A prefix of URL hash more or less gives away the site you are visiting, given a large enough database. And in China, an IP address can be tracked down to a person, given that most sim cards can be identified due to regulation.
>A prefix of URL hash more or less gives away the site you are visiting, given a large enough database.
That database would be ridiculously huge. If they truly are using the same method for Tencent as they are for Google, the prefix has would give you several thousand different domains potentially. According to Google's docs, the full URL is hashed, not just the domain. (https://developers.google.com/safe-browsing/v4/urls-hashing)
The top return for a google search "how many pages does google have in it's index" says Google has "30 trillion web pages" (that's a 2013 article, but let's roll with that number for now).
The Google Safe Browsing docs says to send the first 32 bits of a 256 bit SHA256 hash. So there's 2^32 = 4e9 possible prefixes (And 2^224 = 2e67possible hashes for each prefix.)

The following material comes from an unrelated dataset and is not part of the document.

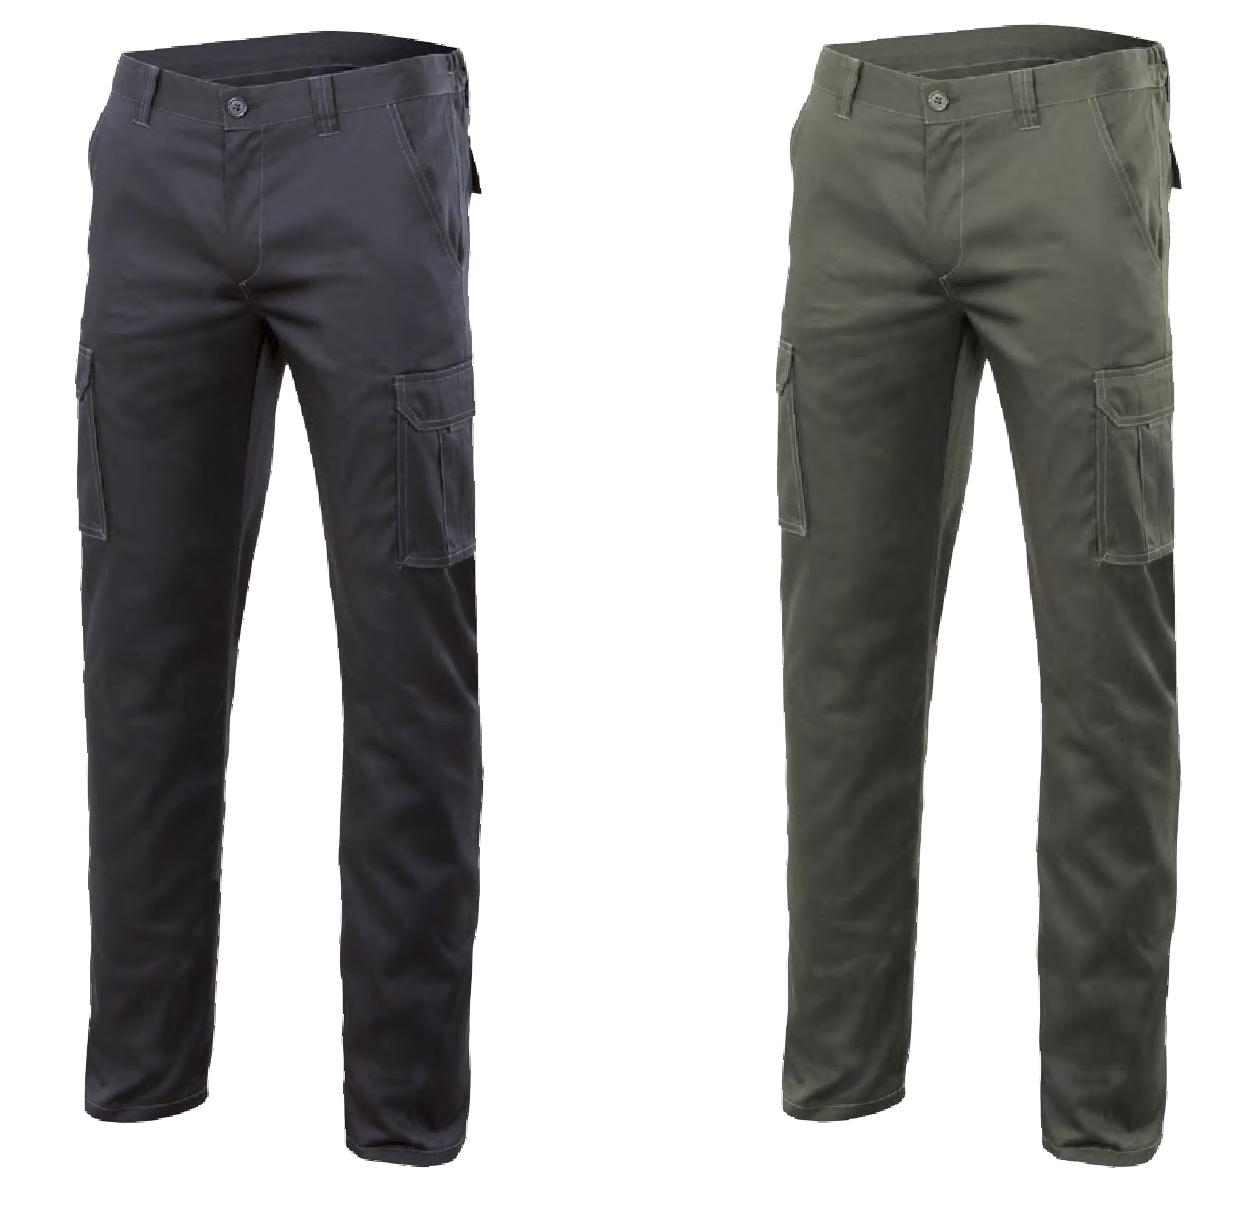 b1214927a Las ropa laboral stretch se define por su elasticidad

30 trillion = 3e13 webpages. If you assume they're evenly distributed across all the hash prefixes (a reasonable assumption for a cryptographically strong hash function) there's about 1e4 or 10,000 urls matching each prefix. (And that's a lower bound, using 2013 vintage estimates of the number of known urls...)
I _think_ that means visiting 13-14 unique urls from a site in Tencent's lists would be enough to guarantee they could tell which site and pages you'd just visited? (since 2^14 > 1e4)
1: I'm pretty sure browsers keep a local list of known malicious hashes, and only request a list if the URL matches it. So those 13-14 URLs would all have to happen to have a prefix on the safe browsing list (presumably quite unlikely). I guess tencent could just advertise every hash as being on the list, but I feel like that would've been discovered if that was the case.
2: Even with 13-14 hashes I don't think that _guarantees_ a match, it's just the average you'd expect to need in order to find a match.
3: This becomes significantly harder when a user browses multiple websites at a time (which most people do, even if its just because they click a link from one website to go to another).
2) Right. I was imagining some sort of binary search through the hash space - which might be way off base. It might actually take all 10,000 pages to guarantee it? That seems wronger in my head than binary search?
And those 10000 URLs per hash are not equally likely. Chances are one or two of those URLs get visited and the other 9999 are so obscure they can almost certainly be ruled out. Sending a 32-but hash isn't that far off sending the URL.